Your objective:
Omitting the pictures, print every line below exactly as it stands.

Given data:
__________

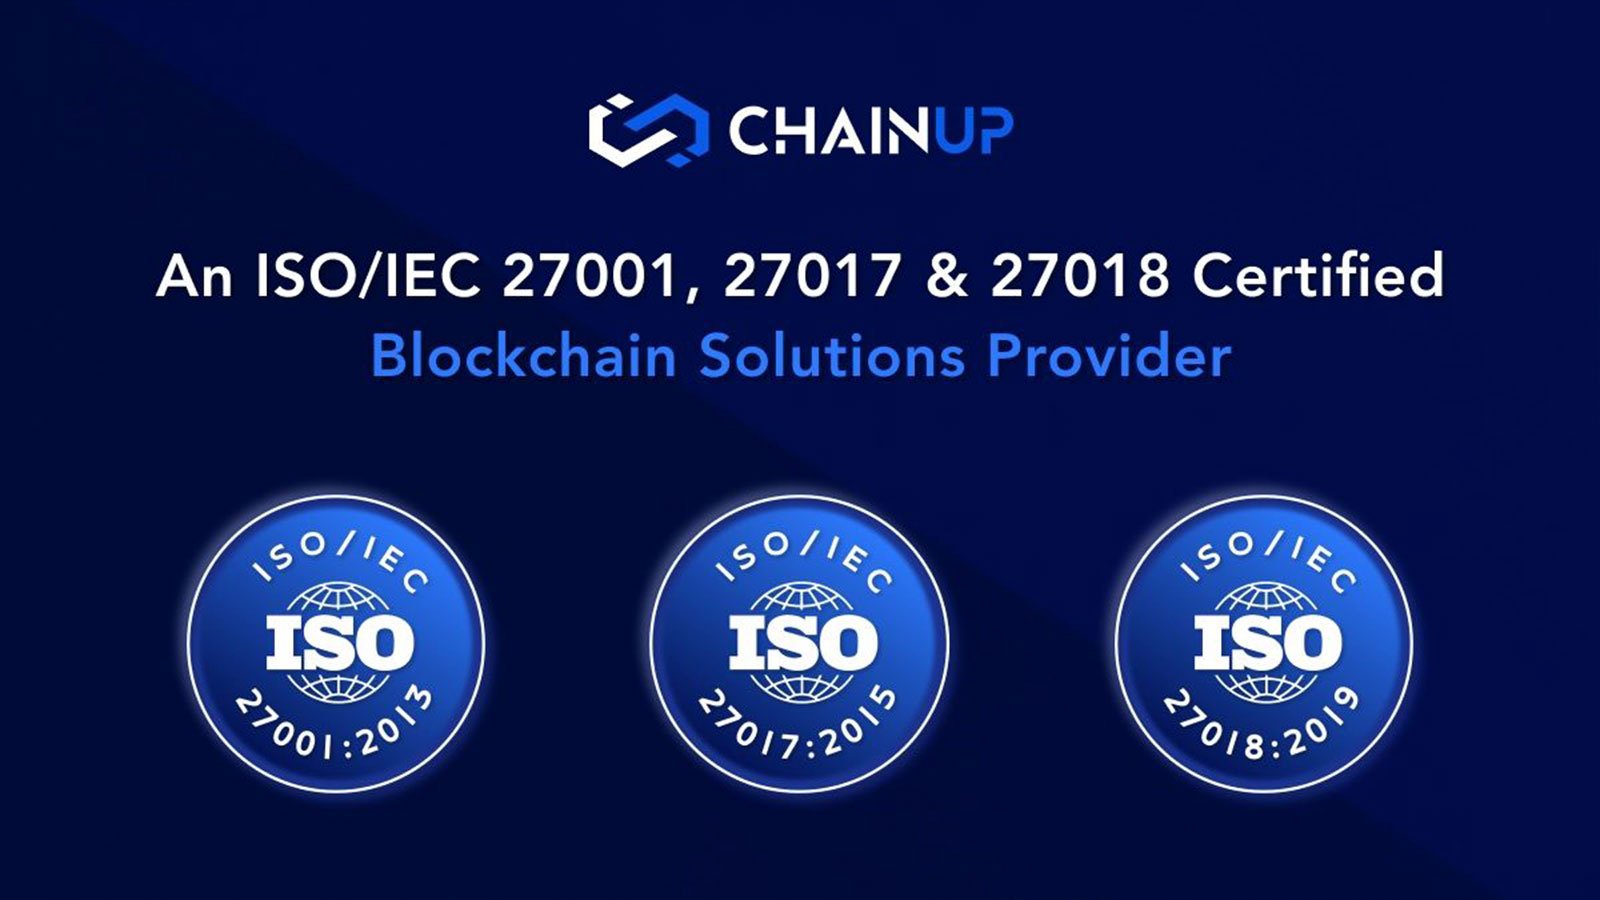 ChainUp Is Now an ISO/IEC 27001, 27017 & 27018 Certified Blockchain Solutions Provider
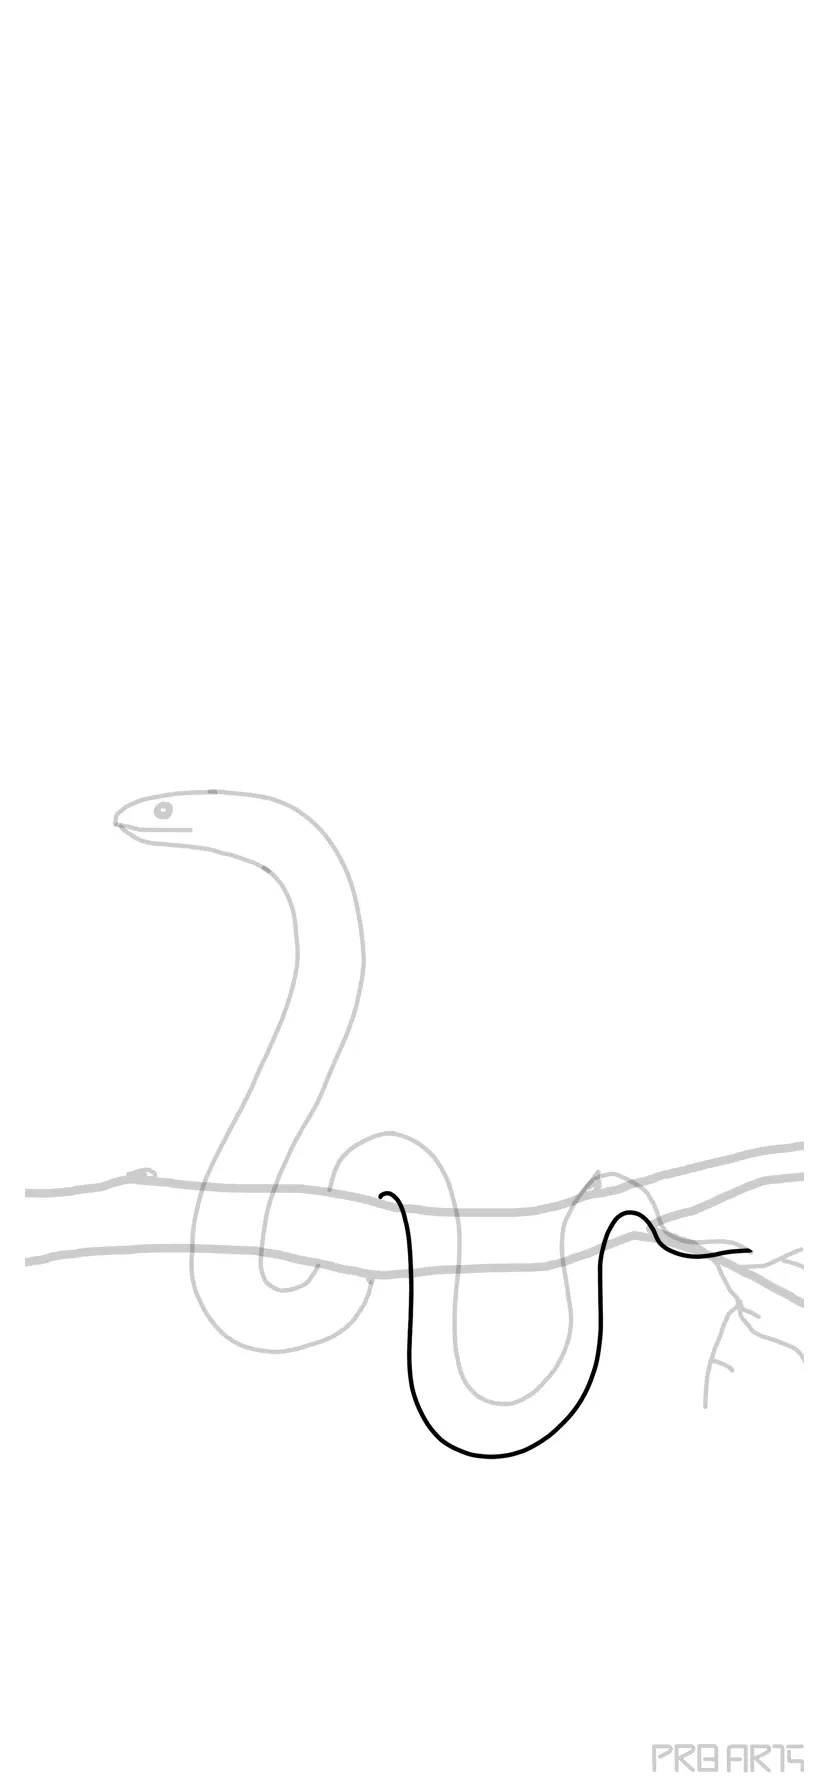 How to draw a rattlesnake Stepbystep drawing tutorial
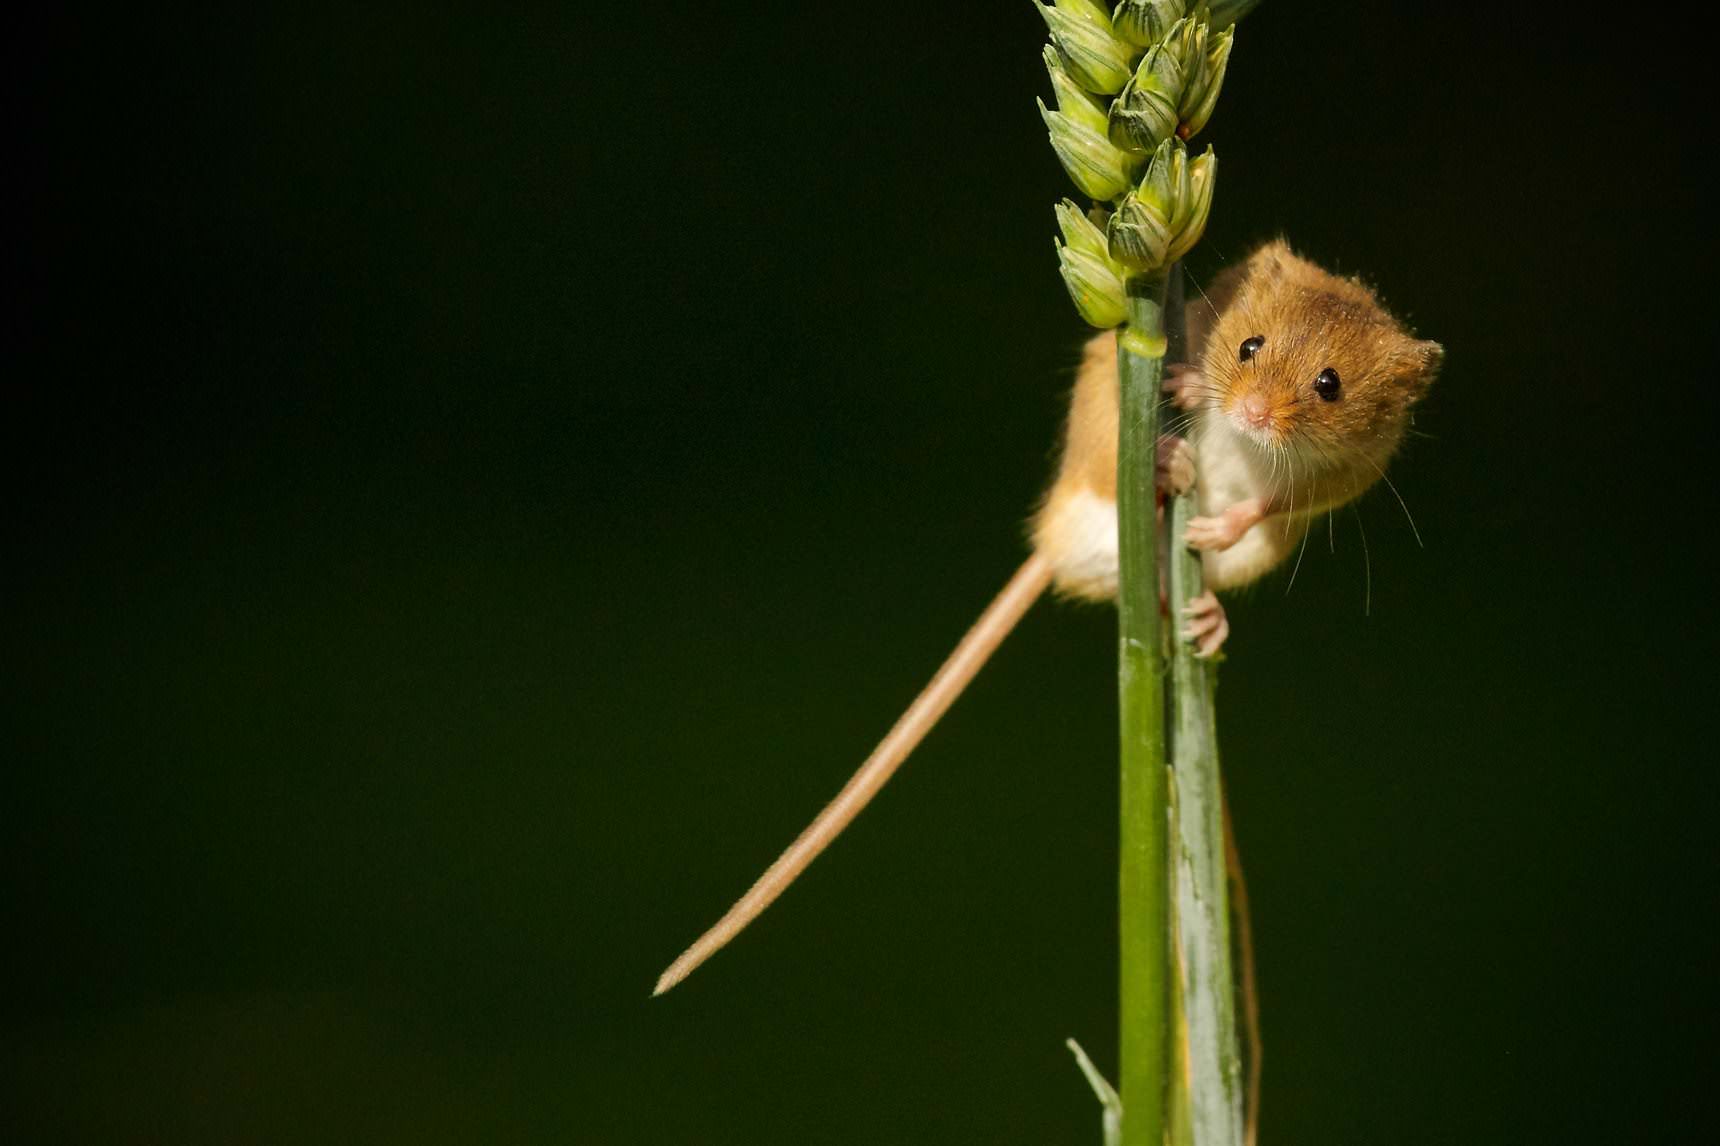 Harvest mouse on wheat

__________

Result:
 ChainUp Is Now an ISO/IEC 27001, 27017 & 27018 Certified Blockchain Solutions Provider
 How to draw a rattlesnake Stepbystep drawing tutorial
 Harvest mouse on wheat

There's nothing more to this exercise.